“Ay! What is it?” echoed Zegota.
“Speak, Zouche!” said the King; “Whatever strange conclusion your poetic brain discovers, doubt not but that we shall accept it,—from!”
“Accept it? I should think so!” cried Zouche; “You are bound to accept it whether you like it or not; there is no other way out of it!”
“Well, what is it?” repeated Zegota impatiently; “Declare it!”
“It is this;” said Zouche, “Simply this,—that, with the King as our comrade and associate, the Revolutionary Committee is no use! It is finished! There can be no longer a Revolutionary Committee!”
“That is true!” said the King; “It may henceforth be known as a new Parliament!”

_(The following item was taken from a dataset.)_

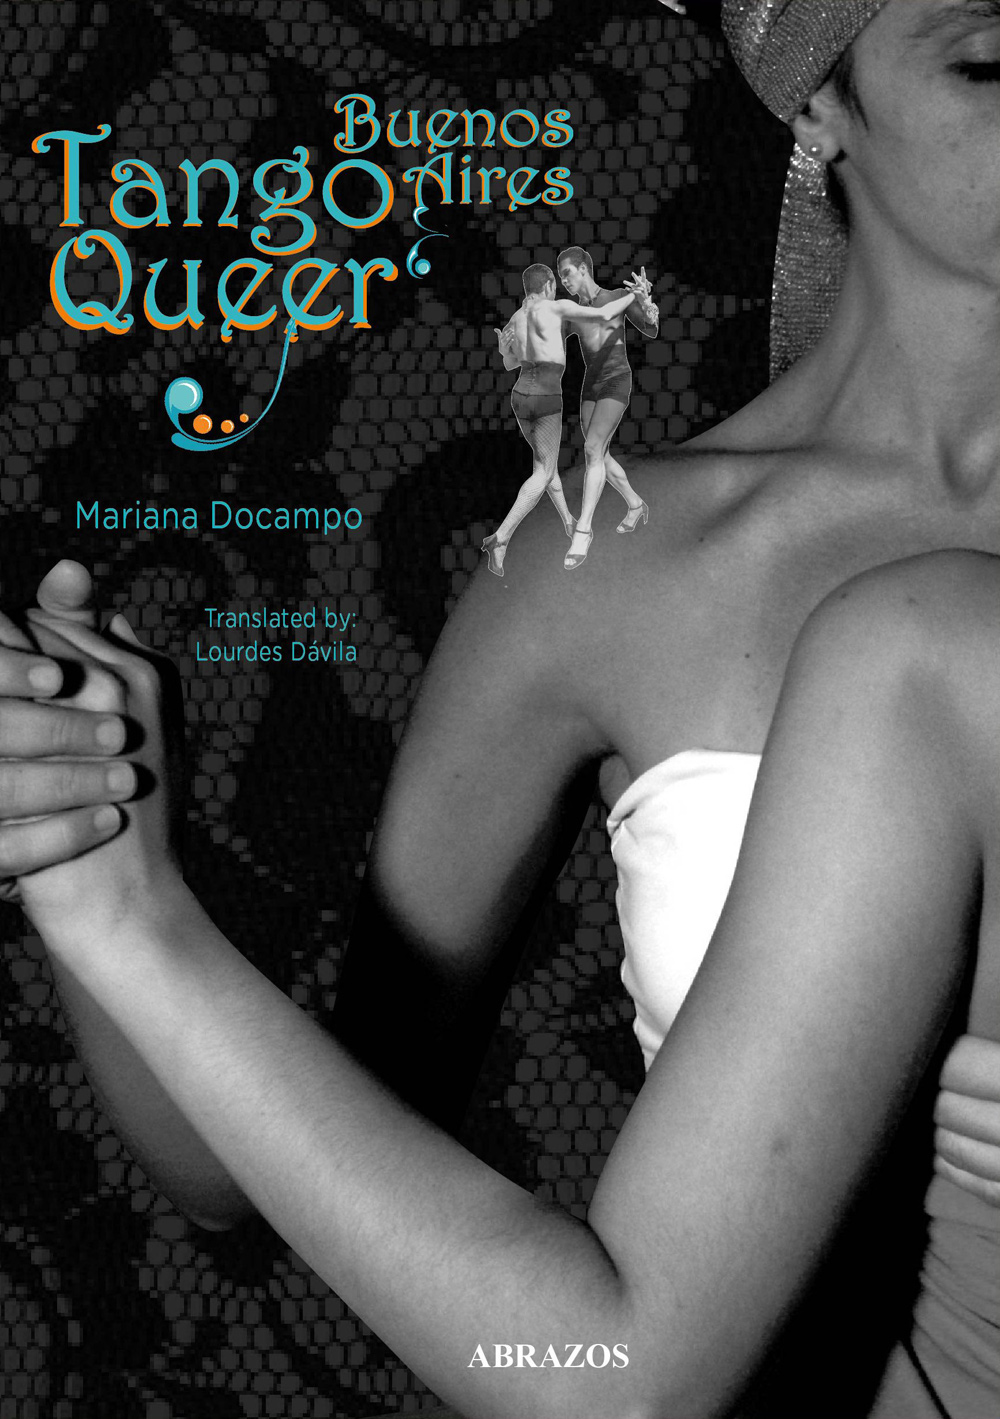 Pre-order ‘Tango Queer Buenos Aires’ by Mariana Docampo

Cheer after cheer echoed through the crowded room, and while the noise was at its height a knocking was heard outside and Sholto, the hunchback father of Pequita, demanded admittance. Zegota unlocked the door, and in a few minutes the situation was explained to the astonished landlord of the Revolutionary Committee quarters. Overwhelmed at the news, and full of gratitude for the kindness shown to his child, which he now knew had emanated from the King in person, he would have knelt to kiss the Royal hand, had not the monarch prevented him.

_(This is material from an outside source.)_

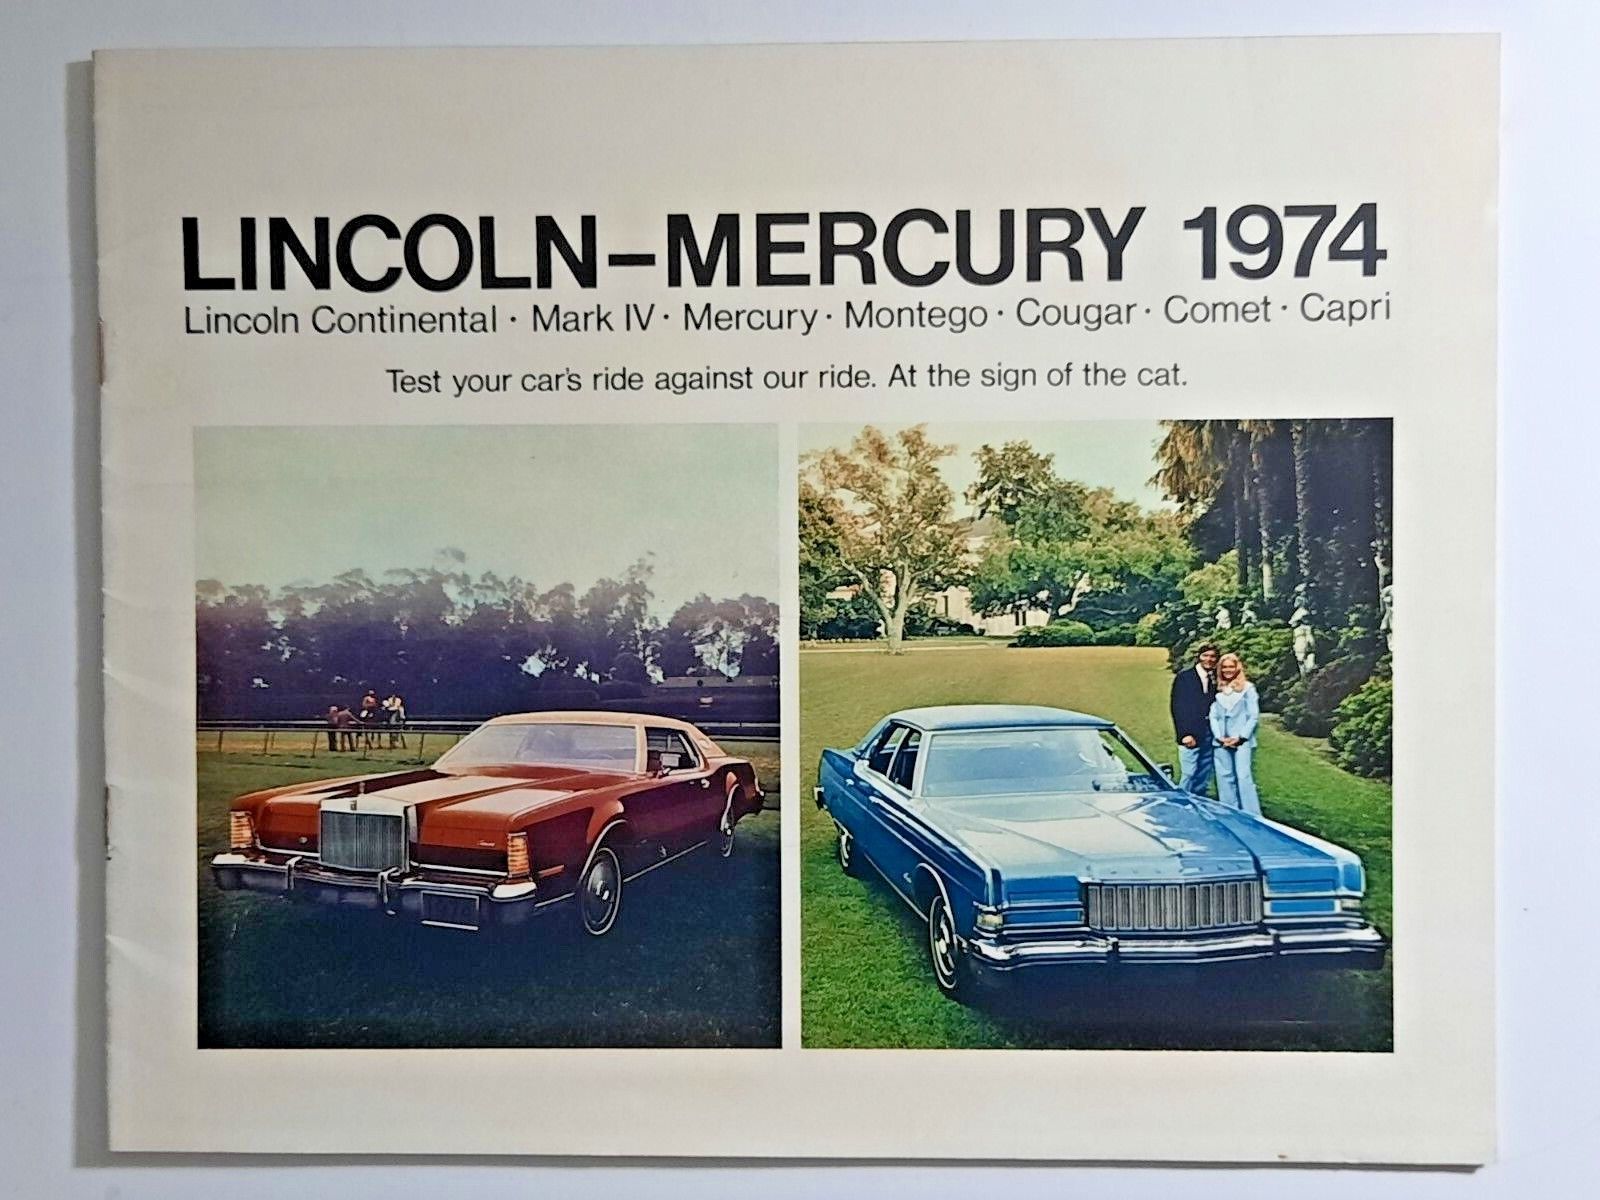 Vintage 1974 Lincoln-Mercury dealership sales brochure

“No, my good Sholto!” he said gently; “Enough of such humility wearies me in the monotonous routine of Court life; and were it not for custom and prejudice, I would suffer no self-respecting man to abase himself before me, simply because my profession is that of King! Tell Pequita that I would not look at her, or applaud her dancing the other night, because I wished her to hate the King and to love Pasquin!—but now you must ask her for me, to love them both!”
Sholto bowed low, profoundly overcome. Was this the King against whom they had all been in league?—this simple, unaffected man, who seemed so much at home and at one with them all? Amazed and bewildered, he, by general invitation, mixed with the rest of the men, for each of whom the King had a kind and appreciative word, or a fresh pledge of his good faith and intention towards them and the reforms they sought to effect. Von Glauben was surrounded by a group of those among whom he had made himself popular; and a hundred eager questions were asked of both him and De Launay, who were ready enough to eulogise the daring of their Royal master, and the determination with which he had resolved on making his secret foes his open friends.
“After all,” said Zegota deprecatingly, “it is not so much the King whom we were against, as the Government.”